Weidinger notes that Brady and Marc Squirey, the husband of San Francisco Chronicle reporter Susan Fornoff, are tied going into the last two holes. Brady gets up and hands a beer to Squirey, and the gamesmanship begins. The two agree to play the last two holes together.
6 p.m. – We arrive at Carson Valley Golf Club in Gardnerville. Brady and Squirey birdie the par-5 15th, and then retreat back to the 14th to finish their round. Brady wins because Squirey hits one OB.

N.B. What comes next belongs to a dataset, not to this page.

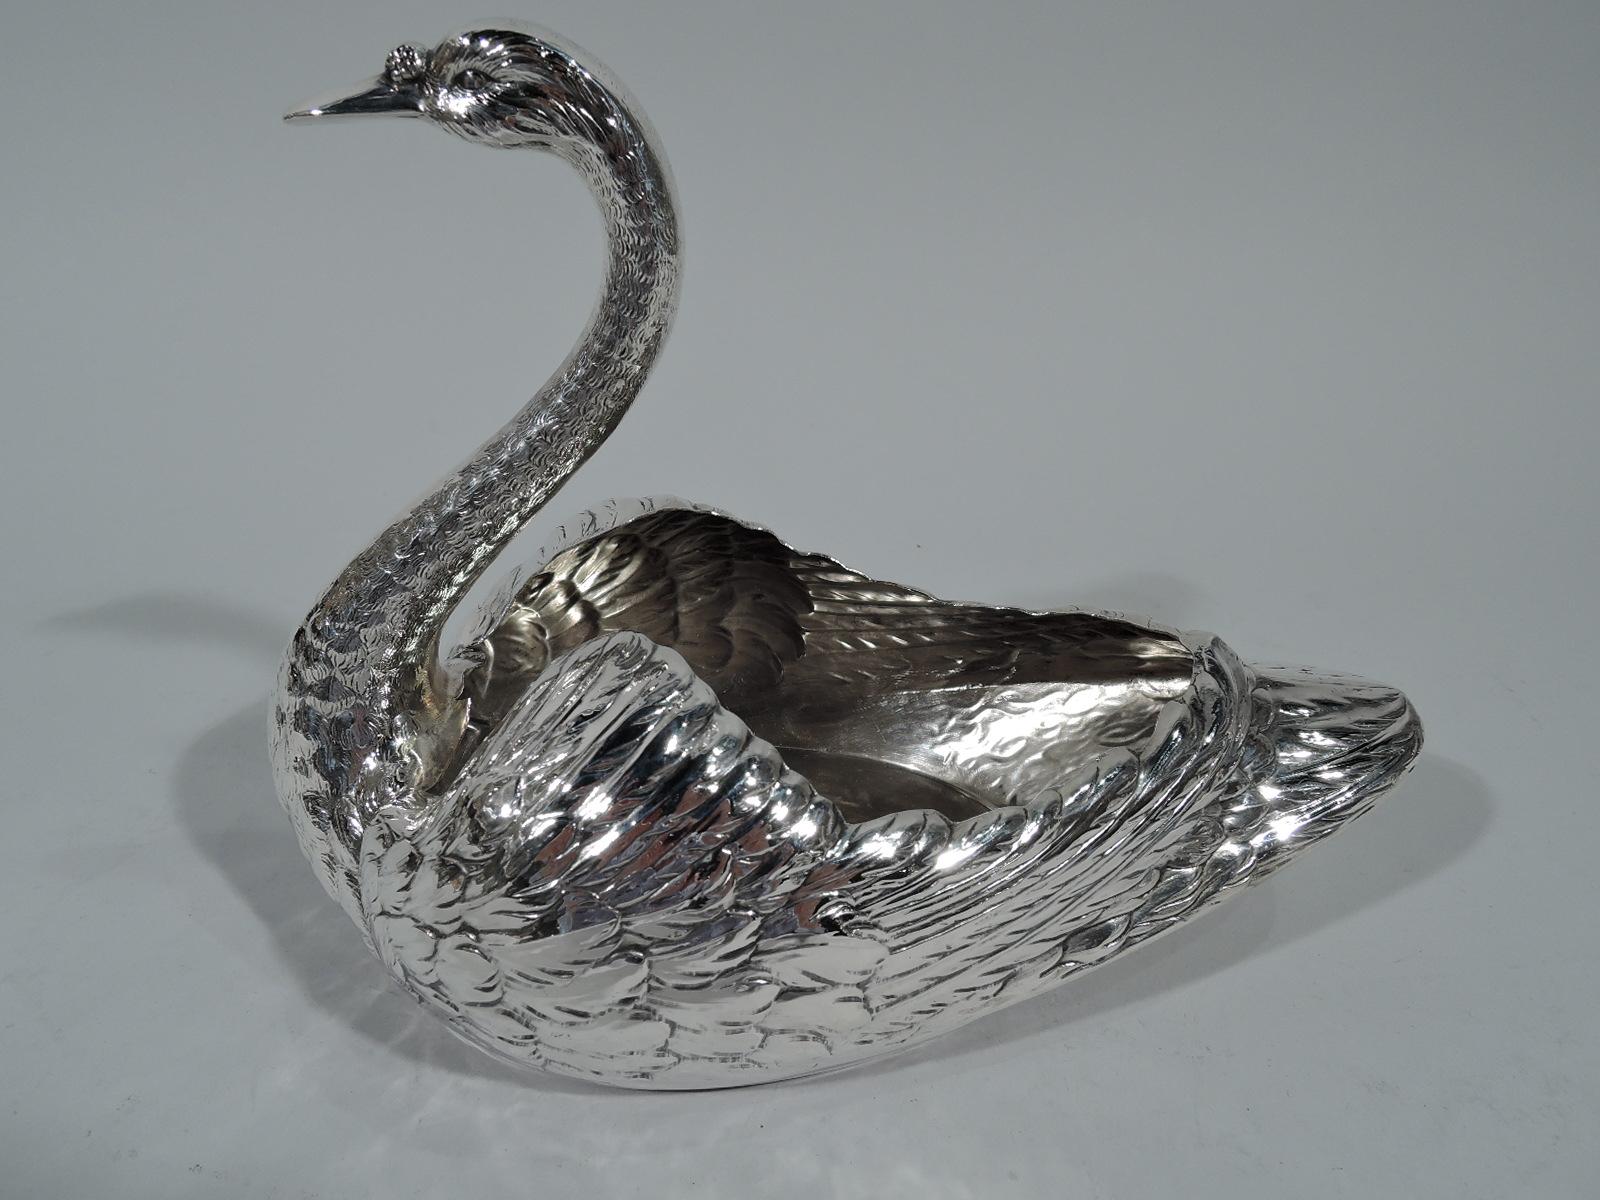 Pair of sterling silver swans. Made by Durgin (part of Gorham) in Concord, New Hampshire. Each: Distinctive feathering with downy plumed wings and scaly neck as well as closed bill and penetrating eyes. Hollow bodies waiting to be filled with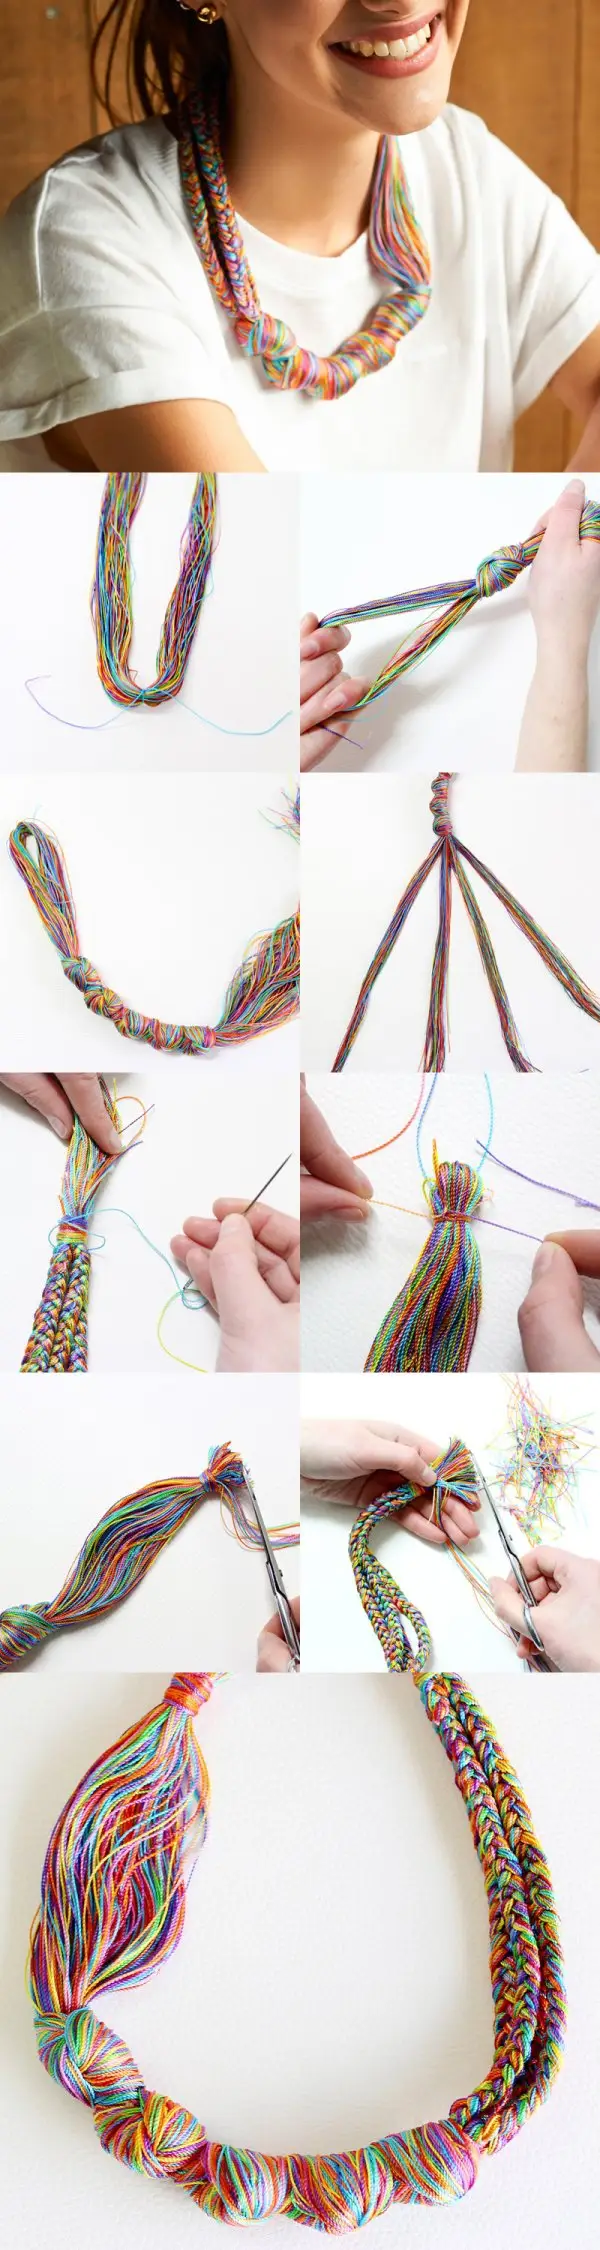 30 Amazing DIY Bracelets You Have to Check out

It’s really starting to get dark now, and it’s even tough to pick up balls in the fairway as Nelson found out on the 14th hole. He never found his ball even though everybody in both groups saw it land in the fairway. I think I finished with two 6s and finished with either a 105 or 106. I truly didn’t care at that point, I was just glad to be done.
It’s been a grueling 11 1/2-hour day. I met some nice folks and renewed some old Bay Area friendships. I can’t wait until next year. Maybe I’ll break 100.
I have found, once again, that this area does offer some nice golf courses for all levels of play, and urge folks to get out there and play.